ACTIVITY: Write the entries out exactly, with the final line being the one containing "Basic - Dark denim skirt with front buttons".

Stored data entries:
----

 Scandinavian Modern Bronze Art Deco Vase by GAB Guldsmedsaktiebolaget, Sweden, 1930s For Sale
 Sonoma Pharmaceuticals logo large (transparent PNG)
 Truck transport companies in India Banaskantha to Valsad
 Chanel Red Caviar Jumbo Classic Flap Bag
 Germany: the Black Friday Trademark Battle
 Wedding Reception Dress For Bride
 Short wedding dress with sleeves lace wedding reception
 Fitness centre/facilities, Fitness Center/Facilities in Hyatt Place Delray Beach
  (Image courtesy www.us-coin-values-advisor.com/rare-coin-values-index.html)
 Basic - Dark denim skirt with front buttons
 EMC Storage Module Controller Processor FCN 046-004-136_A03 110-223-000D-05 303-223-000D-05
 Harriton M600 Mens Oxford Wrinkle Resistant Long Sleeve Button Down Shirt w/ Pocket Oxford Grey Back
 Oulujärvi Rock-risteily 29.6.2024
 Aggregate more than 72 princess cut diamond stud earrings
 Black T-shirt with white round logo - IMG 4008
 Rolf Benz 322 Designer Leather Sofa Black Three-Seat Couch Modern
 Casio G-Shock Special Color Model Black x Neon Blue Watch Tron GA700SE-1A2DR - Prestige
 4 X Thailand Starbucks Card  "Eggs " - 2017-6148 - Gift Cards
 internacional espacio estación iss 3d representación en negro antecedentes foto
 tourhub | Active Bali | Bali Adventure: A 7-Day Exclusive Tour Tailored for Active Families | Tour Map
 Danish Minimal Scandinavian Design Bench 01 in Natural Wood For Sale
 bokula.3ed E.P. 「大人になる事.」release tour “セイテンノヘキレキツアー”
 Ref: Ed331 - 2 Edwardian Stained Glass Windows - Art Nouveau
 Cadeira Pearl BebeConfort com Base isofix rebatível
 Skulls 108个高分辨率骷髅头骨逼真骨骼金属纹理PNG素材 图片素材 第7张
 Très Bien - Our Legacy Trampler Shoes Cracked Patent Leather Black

----

WRITTEN RESPONSE:
 Scandinavian Modern Bronze Art Deco Vase by GAB Guldsmedsaktiebolaget, Sweden, 1930s For Sale
 Sonoma Pharmaceuticals logo large (transparent PNG)
 Truck transport companies in India Banaskantha to Valsad
 Chanel Red Caviar Jumbo Classic Flap Bag
 Germany: the Black Friday Trademark Battle
 Wedding Reception Dress For Bride
 Short wedding dress with sleeves lace wedding reception
 Fitness centre/facilities, Fitness Center/Facilities in Hyatt Place Delray Beach
  (Image courtesy www.us-coin-values-advisor.com/rare-coin-values-index.html)
 Basic - Dark denim skirt with front buttons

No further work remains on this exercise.